Coenzyme Q (or ubiquinone) is a redox-active lipid that serves as universal electron carrier in the mitochondrial respiratory chain and antioxidant in the plasma membrane limiting lipid peroxidation and ferroptosis. Mechanisms allowing cellular coenzyme Q distribution after synthesis within mitochondria are not understood. Here we identify the cytosolic lipid transfer protein STARD7 as a critical factor of intracellular coenzyme Q transport and suppressor of ferroptosis. Dual localization of STARD7 to the intermembrane space of mitochondria and the cytosol upon cleavage by the rhomboid protease PARL ensures the synthesis of coenzyme Q in mitochondria and its transport to the plasma membrane.
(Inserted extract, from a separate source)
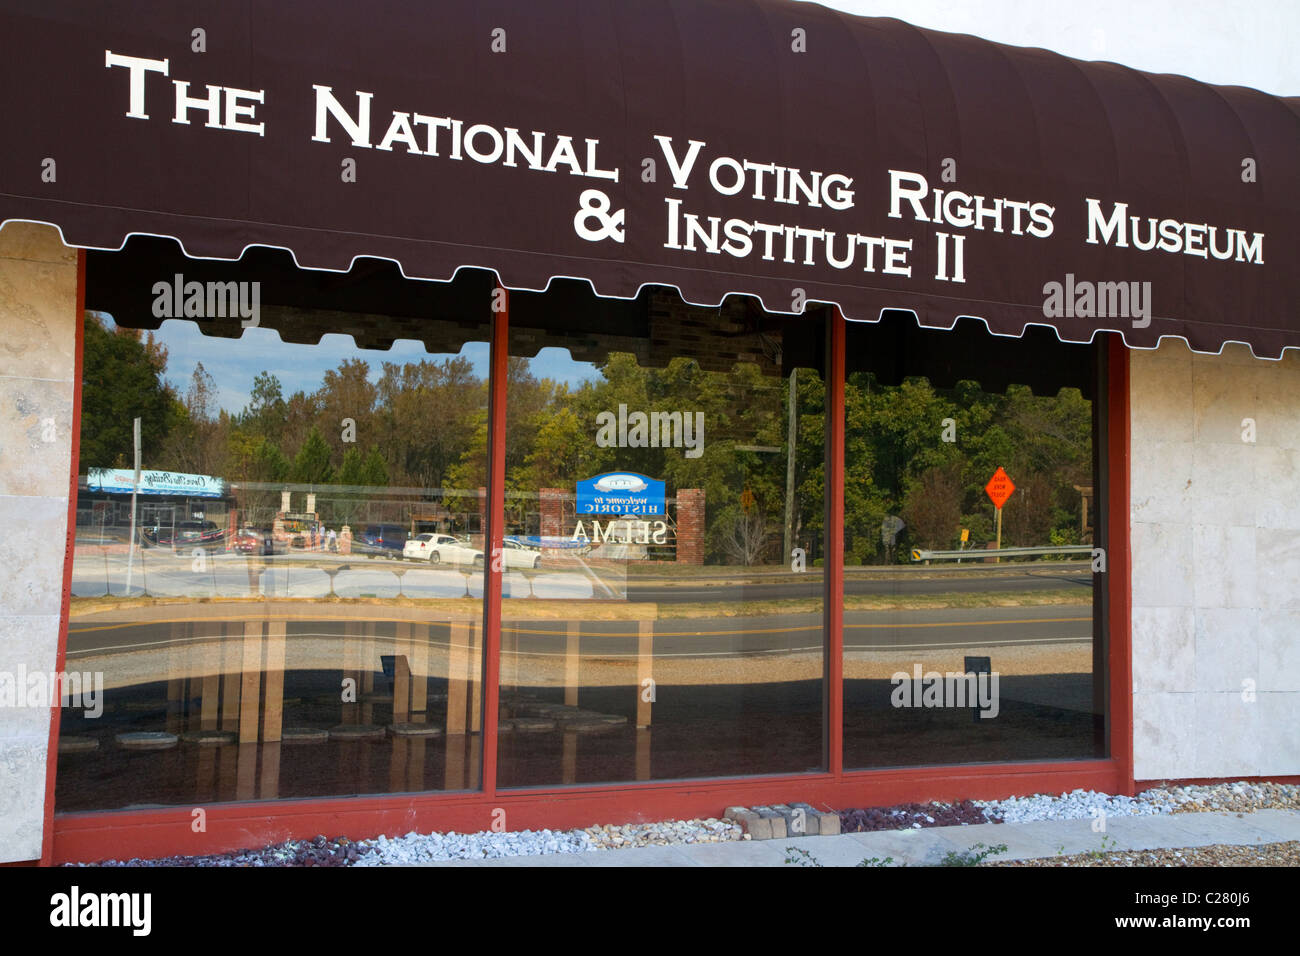 El Museo Nacional de Derechos de voto y el Instituto situado en Selma, Alabama, Estados Unidos. Foto de stock

While mitochondrial STARD7 preserves coenzyme Q synthesis, oxidative phosphorylation function and cristae morphogenesis, cytosolic STARD7 is required for the transport of coenzyme Q to the plasma membrane and protects against ferroptosis. A coenzyme Q variant competes with phosphatidylcholine for binding to purified STARD7 in vitro. Overexpression of cytosolic STARD7 increases ferroptotic resistance of the cells, but limits coenzyme Q abundance in mitochondria and respiratory cell growth. Our findings thus demonstrate the need to coordinate coenzyme Q synthesis and cellular distribution by PARL-mediated STARD7 processing and identify PARL and STARD7 as promising targets to interfere with ferroptosis.